Ray tracing without hardware acceleration requires thousands of software instruction slots per ray to test successively smaller bounding boxes in the BVH structure until possibly hitting a triangle. It’s a computationally intensive process making it impossible to do on GPUs in real-time without hardware-based ray tracing acceleration (see Figure 17).

Figure 17. Ray Tracing Pre Turing

The RT Cores in Turing can process all the BVH traversal and ray-triangle intersection testing, saving the SM from spending the thousands of instruction slots per ray, which could be an enormous amount of instructions for an entire scene. The RT Core includes two specialized units. The first unit does bounding box tests, and the second unit does ray-triangle intersection tests. The SM only has to launch a ray probe, and the RT core does the BVH traversal and ray-triangle tests, and return a hit or no hit to the SM. The SM is largely freed up to do other graphics or compute work. See Figure 18 or an illustration of Turing ray tracing with RT Cores.

Figure 18. Turing Ray Tracing with RT Cores

Turing ray tracing performance with RT Cores is significantly faster than ray tracing in Pascal GPUs. Turing can deliver far more Giga Rays/Sec than Pascal on different workloads, as shown in Figure 19. Pascal is spending approximately 1.1 Giga Rays/Sec, or 10 TFLOPS / Giga Ray to do ray tracing in software, whereas Turing can do 10+ Giga Rays/Sec using RT Cores, and run ray tracing 10 times faster.

Figure 19. Turing Ray Tracing Performance


In modern games, rendered frames are not displayed directly, rather they go through a post processing image enhancement step that combines input from multiple rendered frames, trying to remove visual artifacts such as aliasing while preserving detail. For example, Temporal Anti- Aliasing (TAA), a shader-based algorithm that combines two frames using motion vectors to determine where to sample the previous frame, is one of the most common image enhancement algorithms in use today. However, this image enhancement process is fundamentally very difficult to get right.

NVIDIA’s researchers recognized that this type of problem – an image analysis and optimization problem with no clean algorithmic solution – would be a perfect application for AI. As discussed earlier in this document, image processing cases (for example ImageNet) are among the biggest successful applications of deep learning. Deep learning has now achieved super-human ability to recognize dogs, cats, birds etc., from looking at the raw pixels in an image. In this case, the goal would be to combine rendered images, based on looking at raw pixels, to produce a high-quality result—a different objective but using similar capabilities.

The deep neural network (DNN) that was developed to solve this challenge is called Deep Learning Super-Sampling (DLSS). DLSS produces a much higher quality output than TAA from a given set of input samples, and we leverage this capability to improve overall performance.
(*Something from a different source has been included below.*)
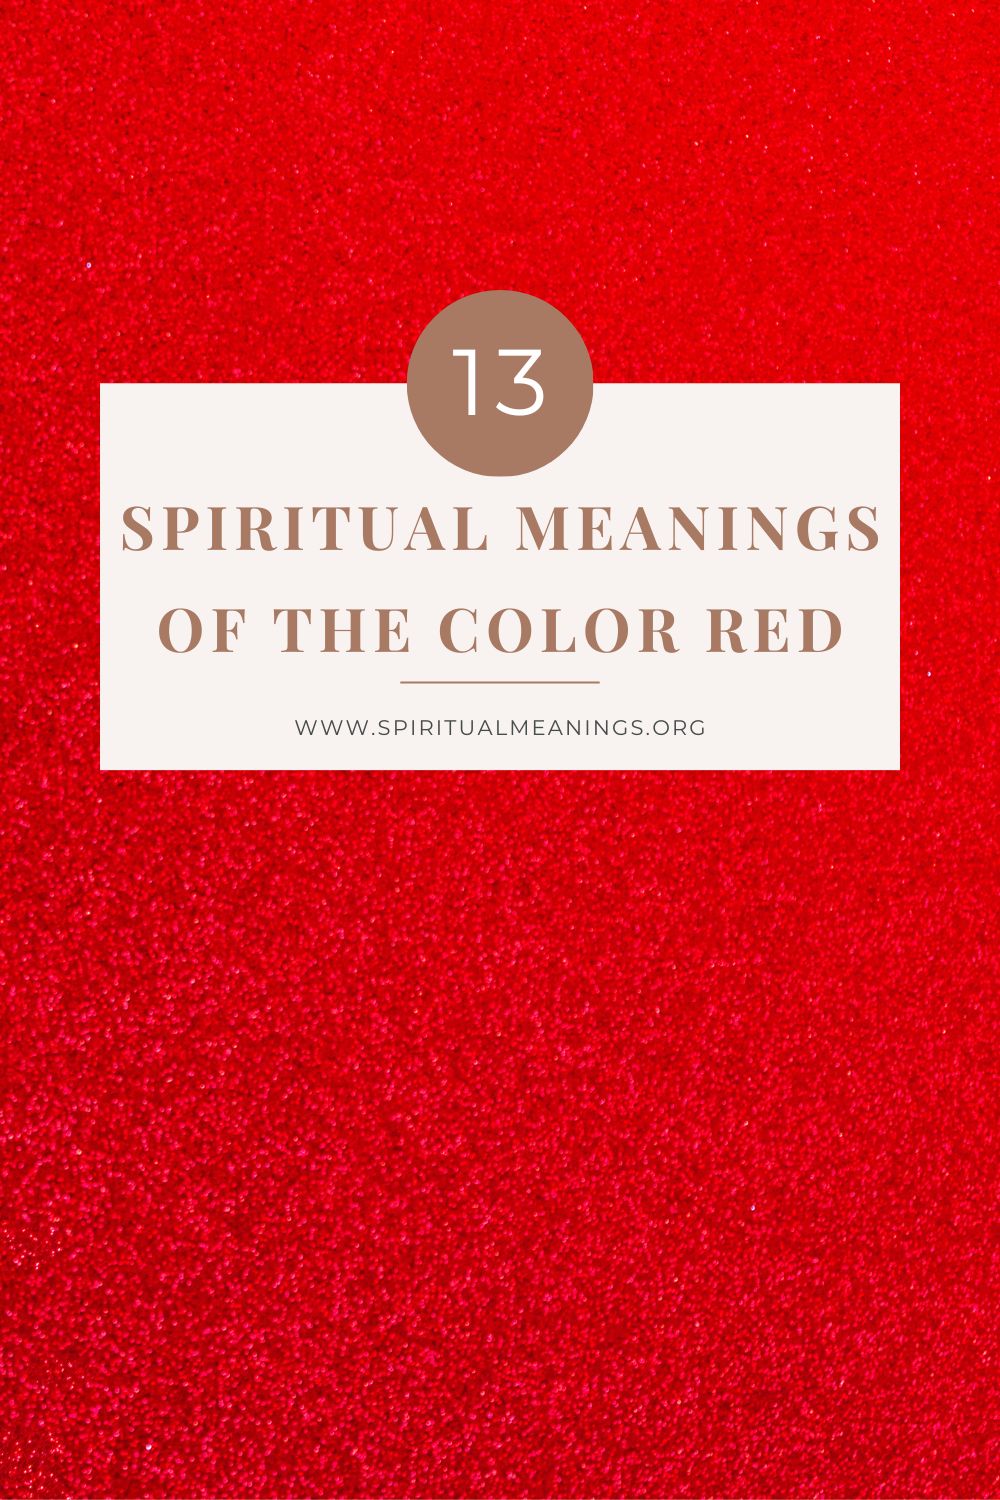 13 Spiritual Meanings Of The Color Red

Whereas TAA renders at the final target resolution and then combines frames, subtracting detail, DLSS allows faster rendering at a lower input sample count, and then infers a result that at target resolution is similar quality to the TAA result, but with half the shading work.
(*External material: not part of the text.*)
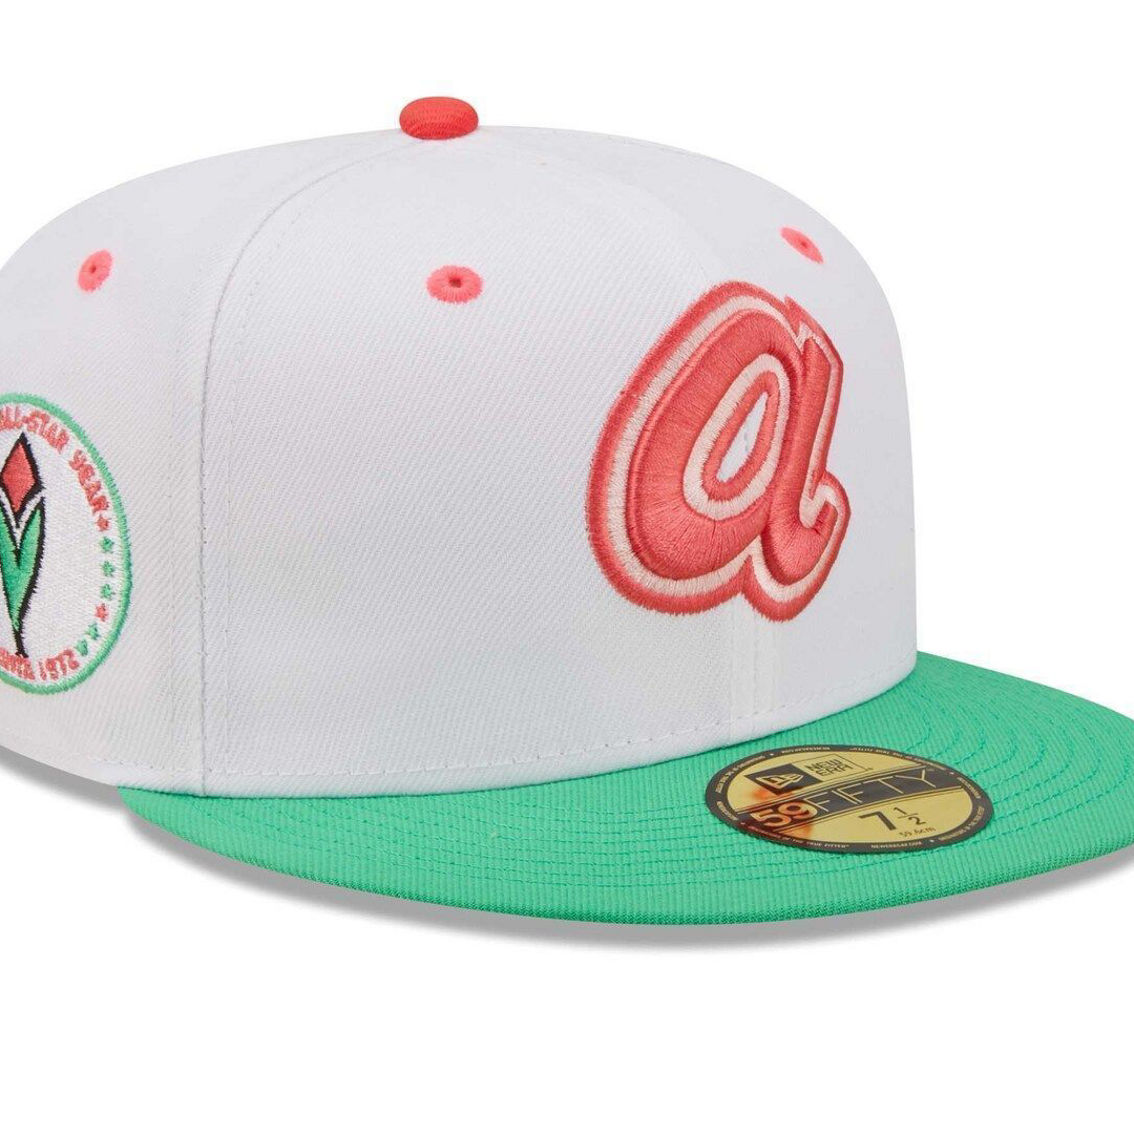 New Era Men's White/Green Atlanta Braves 1972 MLB All-Star Game Watermelon Lolli 59FIFTY Fitted Hat - Image 2 of 4

Figure 20, below shows a sampling of results on the UE4 Infiltrator demo. DLSS provides image quality that is similar to TAA, with much improved performance. The much faster raw rendering horsepower of RTX 2080 Ti, combined with the performance uplift from DLSS and Tensor Cores, enables RTX 2080 Ti to achieve 2x the performance of GTX 1080 Ti.

Figure 20. Turing with 4K DLSS is Twice the Performance of Pascal with 4K TAA

The key to this result is the training process for DLSS, where it gets the opportunity to learn how to produce the desired output based on large numbers of super-high-quality examples. To train the network, we collect thousands of “ground truth” reference images rendered with the gold standard method for perfect image quality, 64x supersampling (64xSS). 64x supersampling means that instead of shading each pixel once, we shade at 64 different offsets within the pixel, and then combine the outputs, producing a resulting image with ideal detail and anti-aliasing quality. We also capture matching raw input images rendered normally. Next, we start training the DLSS network to match the 64xSS output frames, by going through each input, asking DLSS to produce an output, measuring the difference between its output and the 64xSS target, and adjusting the weights in the network based on the differences, through a process called back propagation.

After many iterations, DLSS learns on its own to produce results that closely approximate the quality of 64xSS, while also learning to avoid the problems with blurring, disocclusion, and transparency that affect classical approaches like TAA.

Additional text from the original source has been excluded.